In [1]:
# automatically upload modules
%load_ext autoreload
%autoreload 2

In [2]:
from argparse import Namespace
import os
import pandas as pd
#import pickle
from ray import tune
import ConfigSpace as CS
from ray.tune.suggest.bohb import TuneBOHB
from ray.tune.schedulers import HyperBandForBOHB
import torch
import argparse # for ray distributed training

from genome_embeddings import data_viz
from genome_embeddings import evaluate
from genome_embeddings import models
from genome_embeddings import train_test
from genome_embeddings import util
from genome_embeddings import trainable # import before ray (?)
import ray

In [3]:
flags = Namespace(
    DATA_FP = '/Users/natasha/Desktop/mcgill_postdoc/ncbi_genomes/genome_embeddings/data/', 
    SAVE_FP = '/Users/natasha/Desktop/mcgill_postdoc/ncbi_genomes/genome_embeddings/',
    KEGG_FP = '/Users/natasha/Desktop/mcgill_postdoc/ncbi_genomes/kegg_dataset/',
    data_source = 'kegg', #['get_homologues' | 'kegg']
    n_test = 0.1, # train-test split, n * 100 = % of data that goes into test set (e.g.: 0.1 -> 10%)
    num_epochs = 2, # IF CIRRICULUM, DO NOT SET < 3
    batch_size = 128,
    lr = 1e-3,
    kfolds = 10, # number of folds for cross-validation
    print_every = 50, # print loss every n batches during training (5)
    replacement_threshold = 0.5, # probability over which binarizer converts to a 1
    num_corruptions = 100, # number of corrupted versions of a genome to produce
    corruption_fraction = 0.5, # fraction of genes to retain during corruption process
    phy_mode = "bacteria_only", # training with only bacteria vs also euk/arch
    cirriculum = False, # implement cirriculum learning based on gene count
    rare_threshold = 10, # drop features that occur fewer than this times in training ds 
    weight_decay=0.1 # L2 regularization
    )

### Data exploration + preprocessing 

In [4]:
# # First create genome representations (very slow)
# # Each genome is a list of KO's and/or KEGG modules
# if os.path.isfile(flags.DATA_FP+'genome_to_mod.csv'):
#     print("Genome representations already exist")
# else:
#     genome_rep.genome_kos(flags.KEGG_FP)
#     print("Must generate genome representations from scratch.

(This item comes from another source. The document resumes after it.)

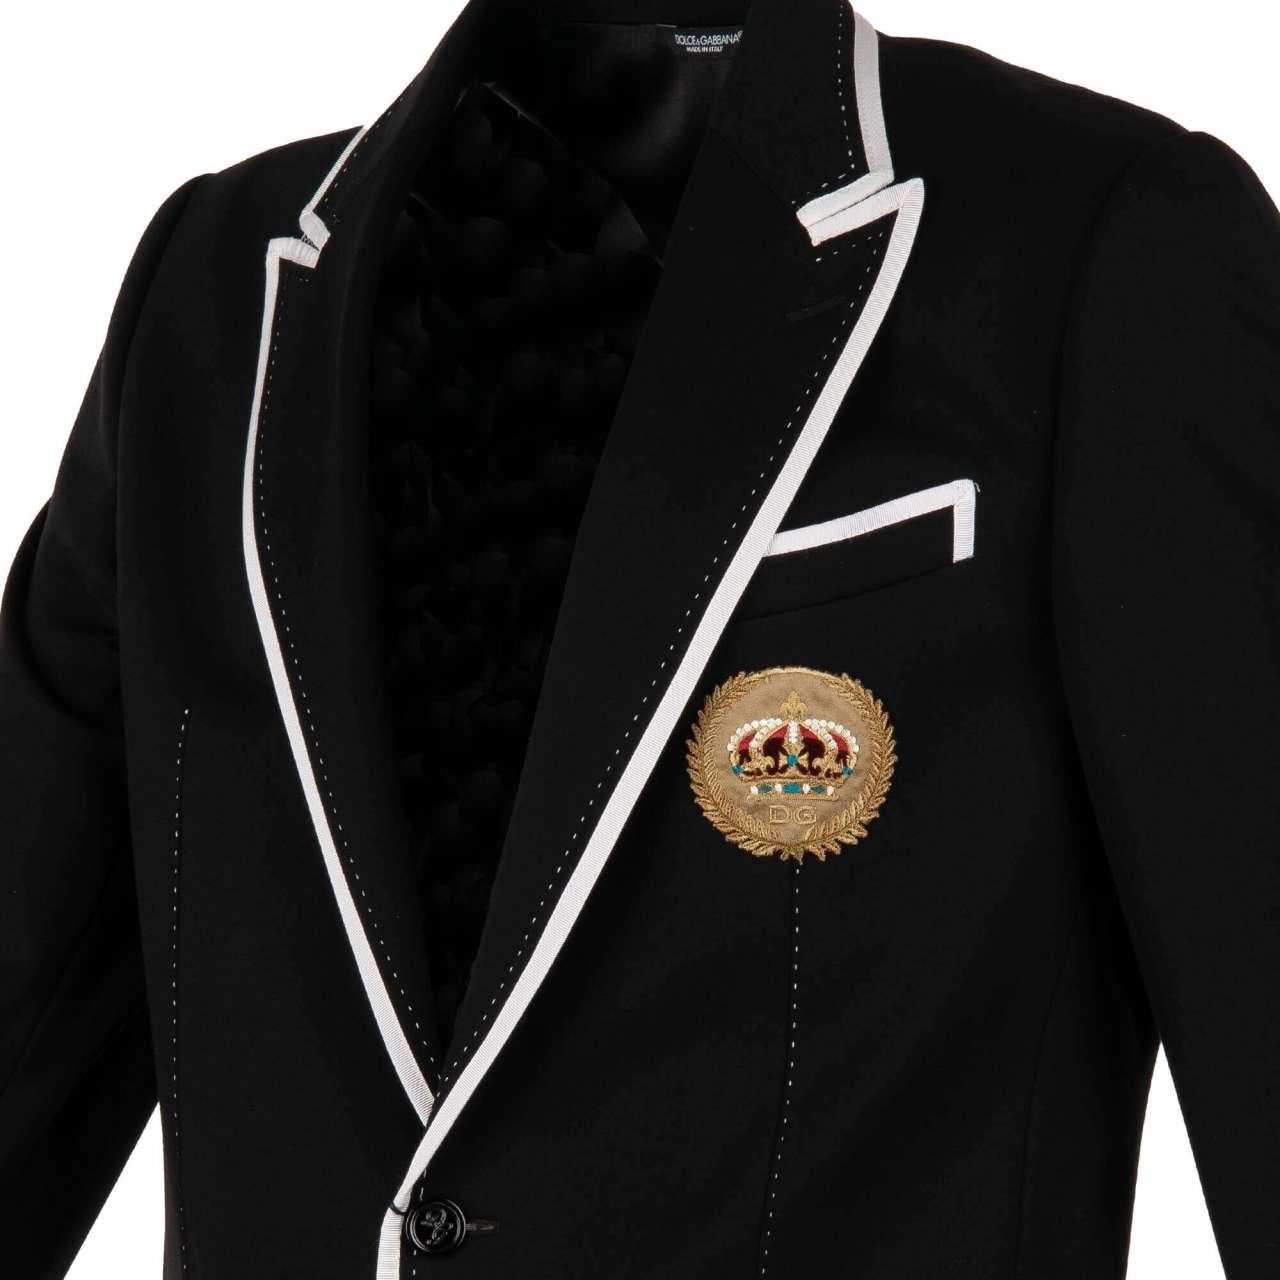 Dolce & Gabbana - DG Crown Embroidery Jersey Blazer Jacket Black 48 In Excellent Condition For Sale In Erkrath, DE

This will take several hours.")

In [5]:
# df, cluster_names = util.load_data(flags.DATA_FP, flags.data_source)
# genome_to_tax = util.genome_to_tax(df)
# with open('cluster_names.txt', 'wb') as filehandle:
#     pickle.dump(cluster_names, filehandle)


In [6]:
#data_viz.tax_distrib(df, genome_to_tax)

In [7]:
#data_viz.module_stats(df)

In [8]:
#data_viz.genes_per_genome(df)

In [9]:
# # Split train-test sets in a phylogenetically balanced manner 
# if os.path.isfile(flags.DATA_FP+'uncorrupted_train_balanced.csv'):
#     print("Train-test split already exists, loading from file")
#     train_orig = pd.read_csv(flags.DATA_FP+"uncorrupted_train_balanced.csv", index_col=0)    
#     test_orig = pd.read_csv(flags.DATA_FP+"uncorrupted_test_balanced.csv", index_col=0)    

# else:
#     # Create dict mapping each genome to a unique numerical ID
#     genome_to_num ={}
#     for i,genome in enumerate(df.index):
#         genome_to_num[genome] = i

#     num_to_genome = {v: k for k, v in genome_to_num.items()}
        
#     print("Generating train-test split")
#     train_orig, test_orig = util.balanced_split(df, flags.n_test, genome_to_tax, 
#                                                 num_to_genome, flags.DATA_FP)    
#     train_orig.to_csv(flags.DATA_FP+'uncorrupted_train_balanced.csv')
#     test_orig.to_csv(flags.DATA_FP+'uncorrupted_test_balanced.csv')

In [10]:
#data_viz.hist_prob_ko(train_orig)

In [11]:
# if flags.phy_mode == "bacteria_only":
#     train_genomes = train_orig.index.to_list()
#     test_genomes = test_orig.index.to_list()
    
#     unf_train_data, train_tax_dict = util.bacteria_only(train_orig, train_genomes, genome_to_tax)
#     unf_test_data, test_tax_dict = util.bacteria_only(test_orig, test_genomes, genome_to_tax)

In [12]:
# # Remove rare features from train + test datasets
# # Rare = fewer than n occurences in training dataset
# # Last argument specifies n, set to correspond to 1% of genomes (3432 genomes -> n = 34)
# train_data, test_data, cluster_names = util.remove_rare(unf_train_data, unf_test_data, 
#                                                         cluster_names, unf_train_data.shape[0]*0.01)

In [13]:
# Produce corrupted genomes
# Could eventually do re-sampling / extra-corrupting to have more examples of "rare" genome types
#    e.g.: those from underrepresented groups M00003   

if os.path.isfile(flags.DATA_FP+'corrupted_train_0607.pt'):
    print("Corrupted genomes already exist")
    train_data = torch.load(flags.DATA_FP+"corrupted_train_0607.pt")
    test_data = torch.load(flags.DATA_FP+"corrupted_test_0607.pt")
    genome_idx_train = torch.load(flags.DATA_FP+"genome_idx_train_0607.pt")
    genome_idx_test = torch.load(flags.DATA_FP+"genome_idx_test_0607.pt")
else:
    print("Generating corrupted dataset from scratch with",flags.num_corruptions,"corrupted versions of each genome")
    train_data, genome_idx_train = util.corrupt(train_data, flags.num_corruptions, flags.corruption_fraction, 
                                                cluster_names, "train", flags.DATA_FP)

    test_data, genome_idx_test = util.corrupt(test_data, flags.num_corruptions, flags.corruption_fraction, 
                                              cluster_names, "test", flags.DATA_FP)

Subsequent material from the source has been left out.